Living history reflection: Students write a poem or paragraph that shows their thoughts, feelings, and/or questions about a significant historical event within their lifetime. I tell them that it should be something they remember clearly and that impacts them. This assignment provides insight into what’s important to them and how current events affect them, and creates an opportunity to discuss events that are significant to the students.
Book review in images and words: Students choose a book they enjoyed reading over the summer as part of our summer reading requirements and create a Google Slide to share their book review with their peers. The slide includes a photo of the book cover, has words and images that showcase significant aspects about the book, and explains why they enjoyed reading it.

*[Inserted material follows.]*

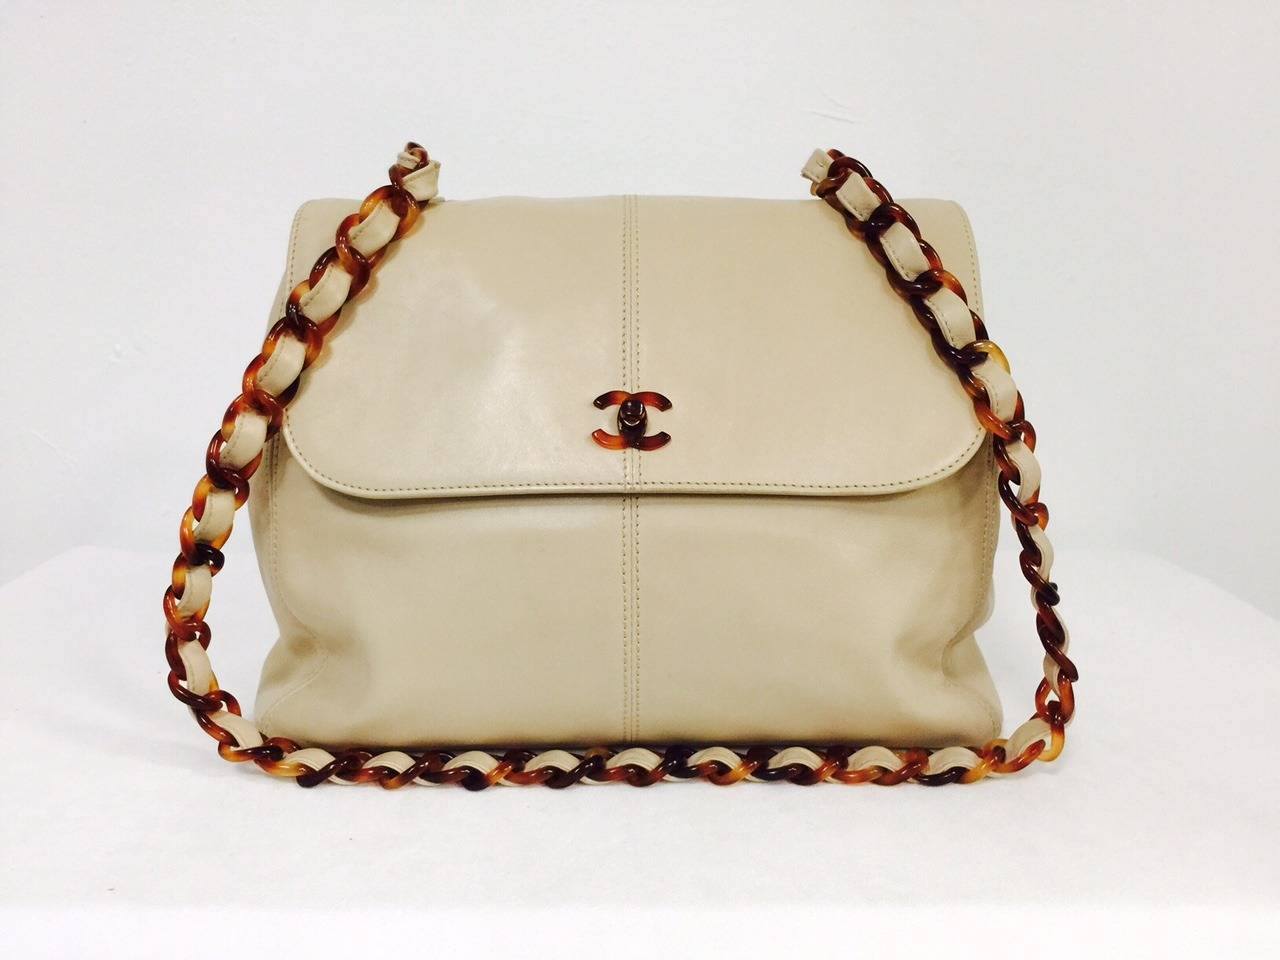 Tan Lambskin Shoulder Bag With Leather Woven Strap is quintessential Coco!   It's no secret that Chanel loved the color tan.  Why?  It goes with everything!  This larger soft lambskin bag features a half flap, luxurious fabric lining and two

Students then present their slides to their peers, and during the presentations the audience makes a list of potential books they may want to read for their independent reading based on the reviews.
Image reflection: I give students various images of paintings and photographs, and they complete a quick write-up based on questions I give them.
Here are some question examples:
- What do you think people/animals are thinking and feeling in the image?
- Describe the setting, including what you think the time and place is in the image.
- How does the image make you feel?
- What do you imagine inspired the artist or photographer to capture this image?
- What questions do you have about the image?
Then students get into groups to combine their ideas and write a fictional account of what they imagine the story is behind the image, giving the people and/or animals thoughts, feelings, wants, etc.
After my students complete even some of these activities, I know a lot more about them as students and individuals and can use this information to design lessons that align with their needs and interests. They also build trust and create a positive classroom community.